#### What to produce:
Retype each record below word for word, pictures excluded.

Stored items from a collection

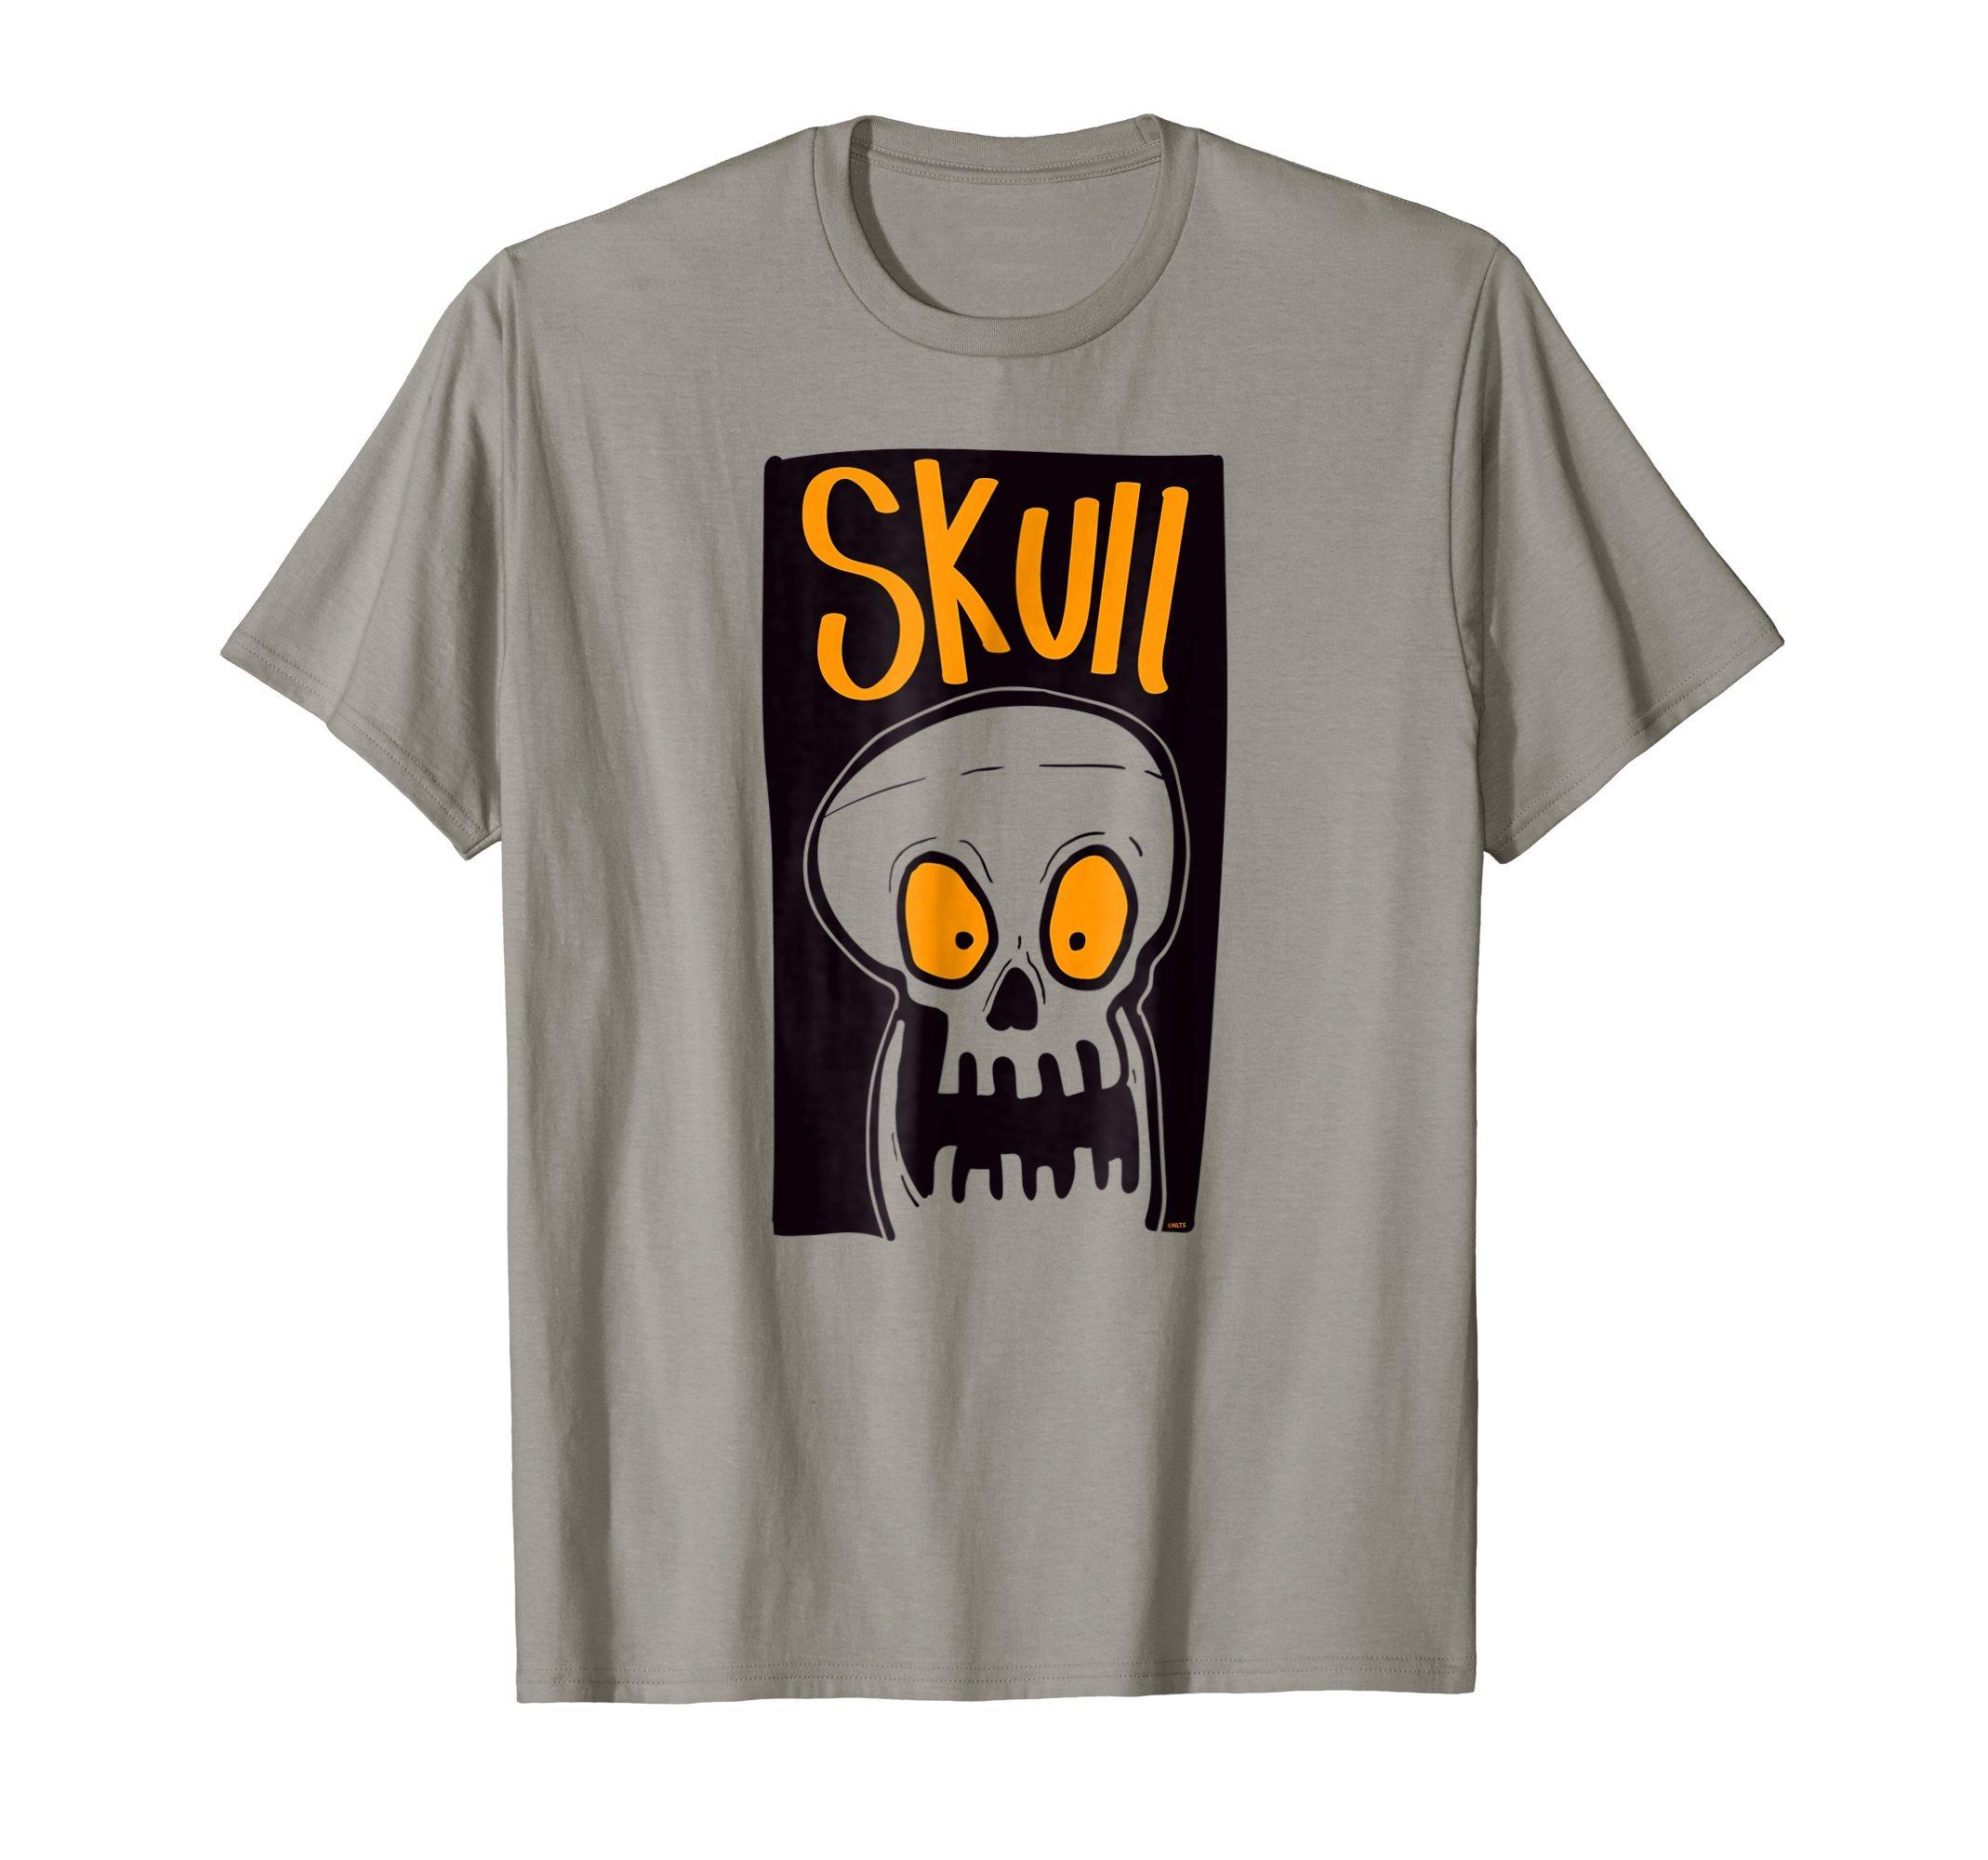 Scared-Skull-Halloween-costume-T-Shirt-Tee-Gift
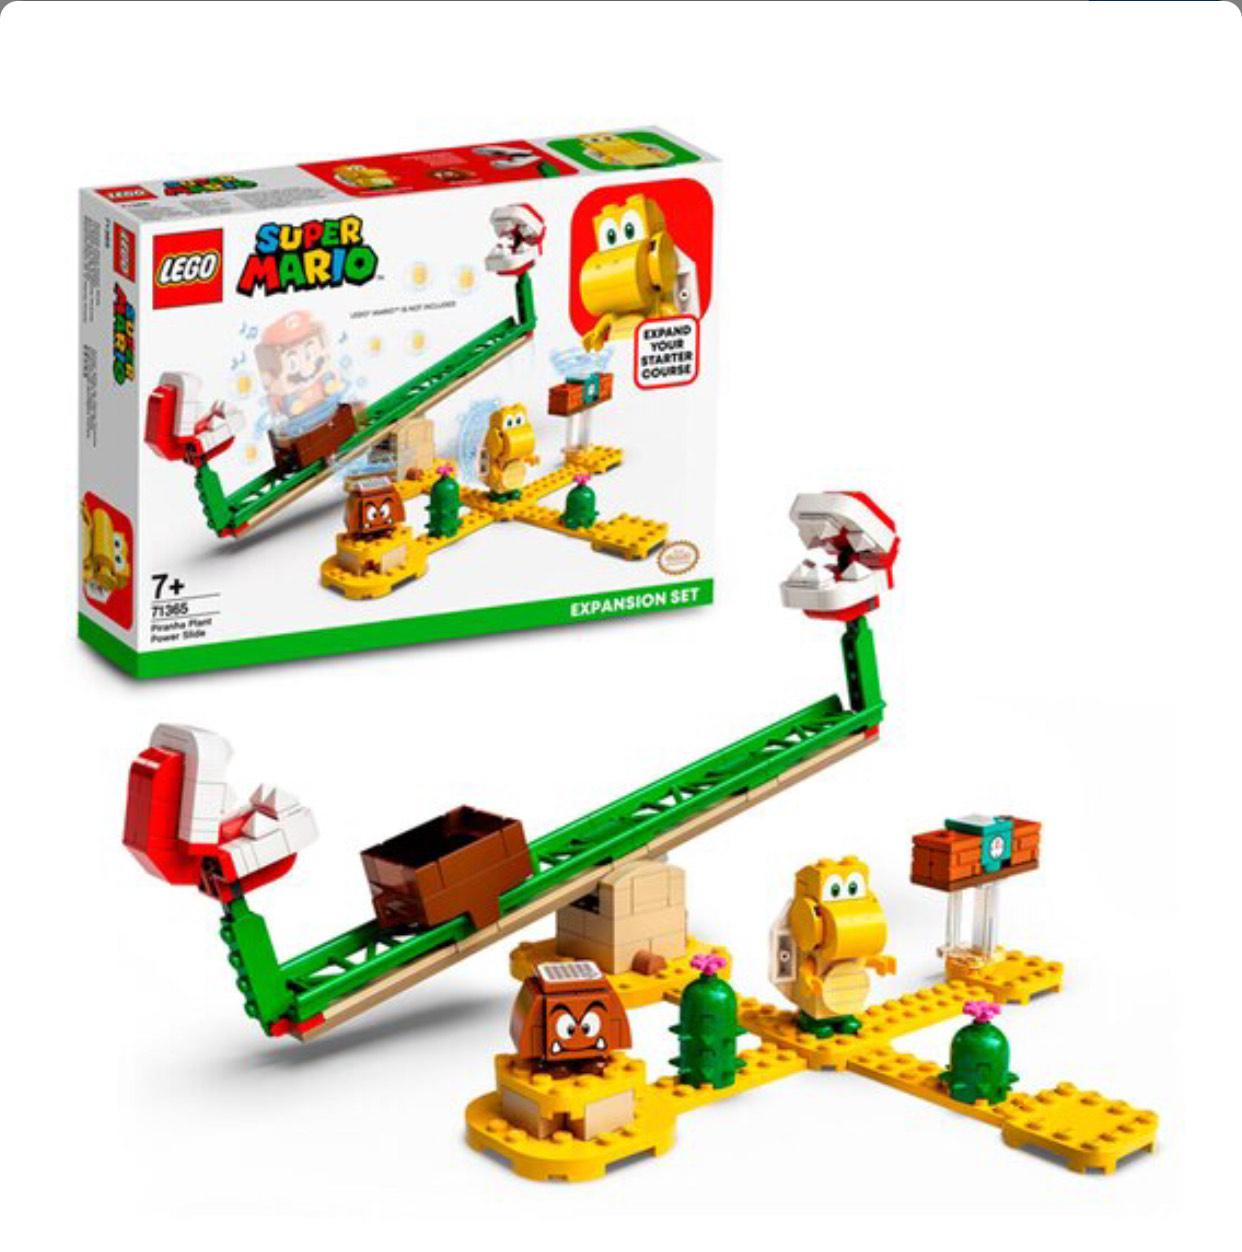 LEGO Piranha Plant Power Slide Set 71365 at Tesco - £13.75
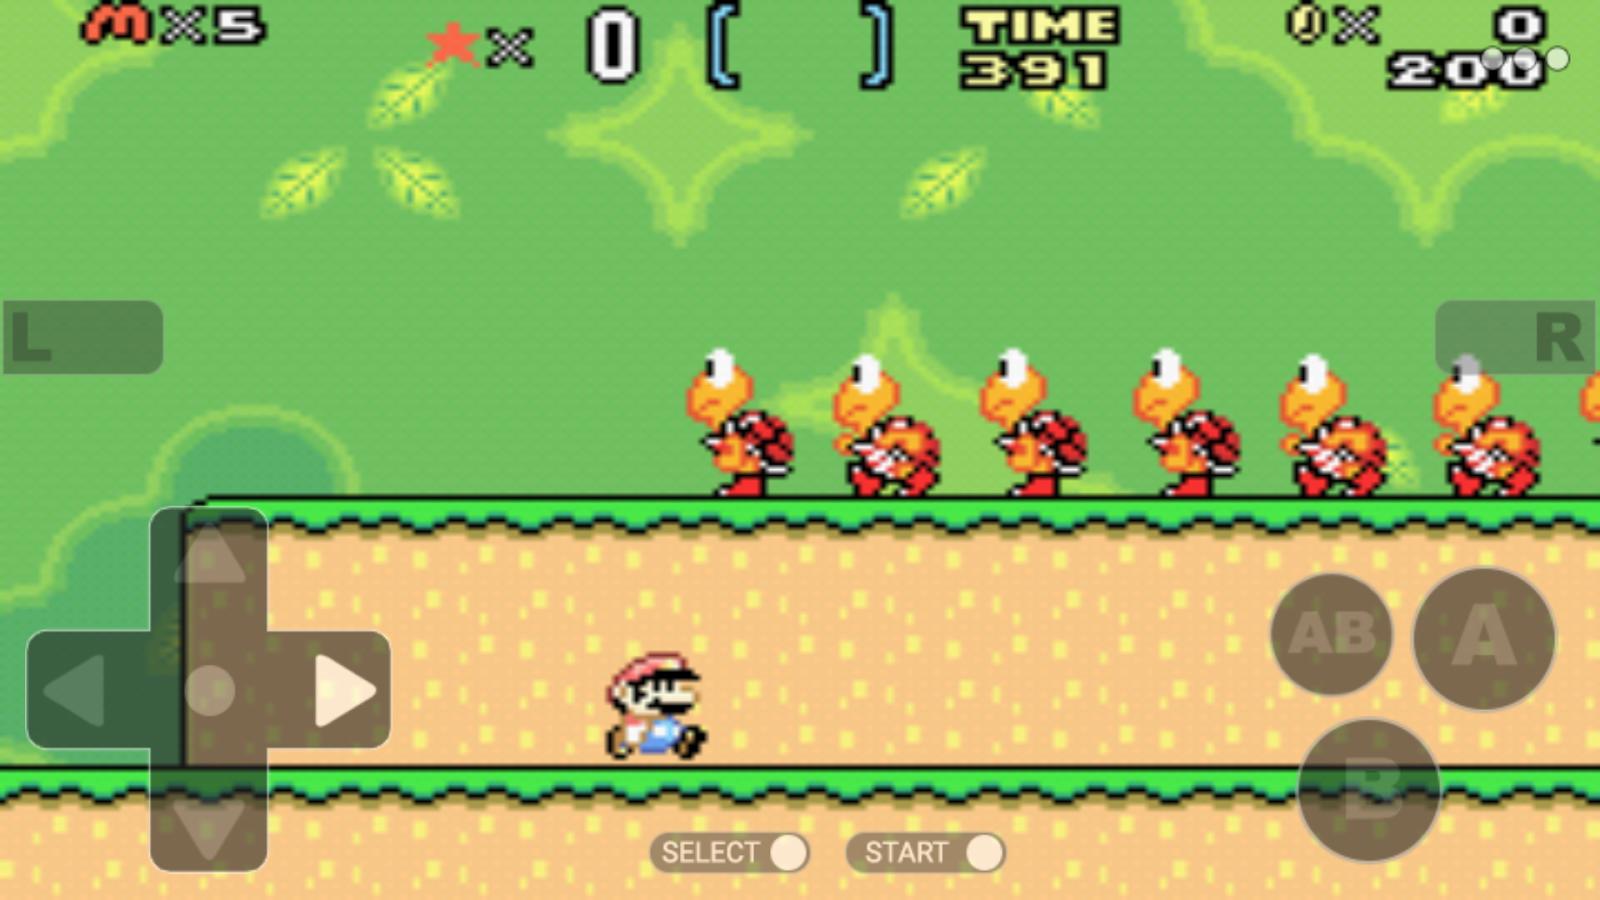 classic boy emulator full version apk free
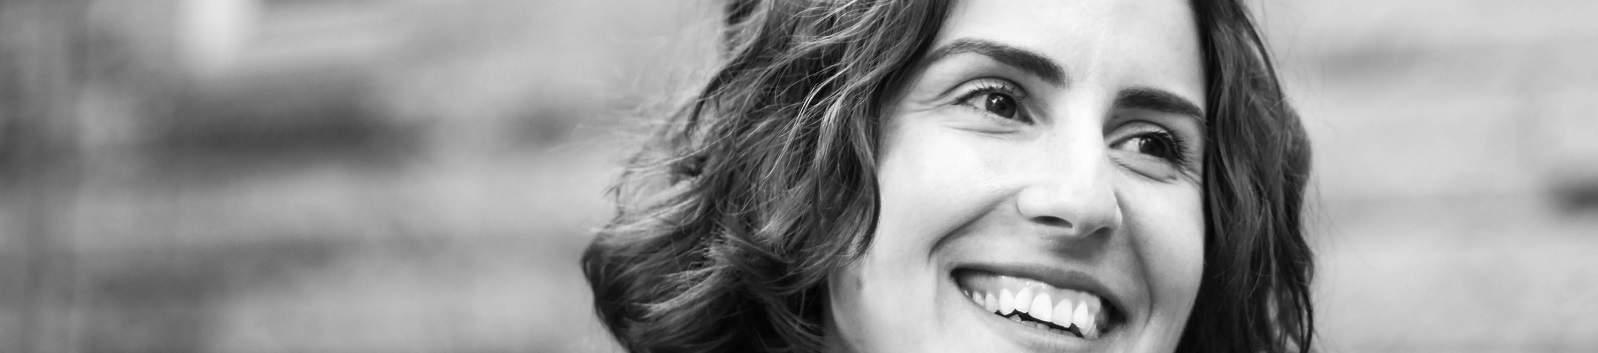 Optimisme als levenshouding in vijf stappen
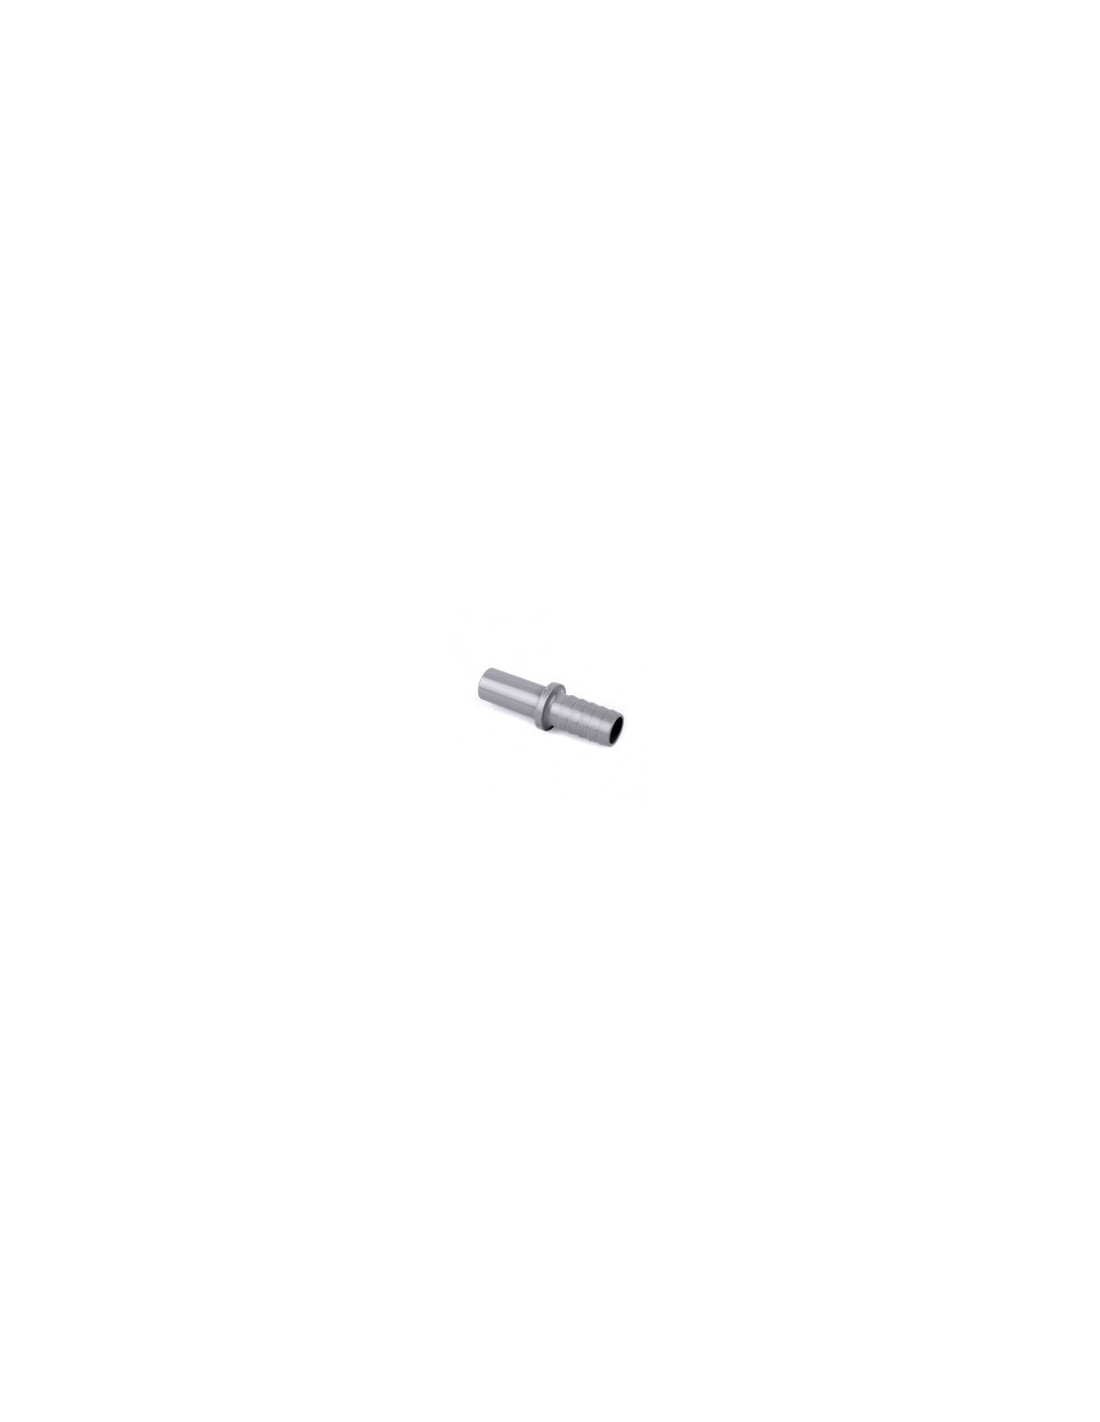 "SPO01952 - JG tube to hose stem 12.7 x 12.7 mm (1/2"")"

#### Solution to the problem:
 Scared-Skull-Halloween-costume-T-Shirt-Tee-Gift
 LEGO Piranha Plant Power Slide Set 71365 at Tesco - £13.75
 classic boy emulator full version apk free
 Optimisme als levenshouding in vijf stappen
 "SPO01952 - JG tube to hose stem 12.7 x 12.7 mm (1/2"")"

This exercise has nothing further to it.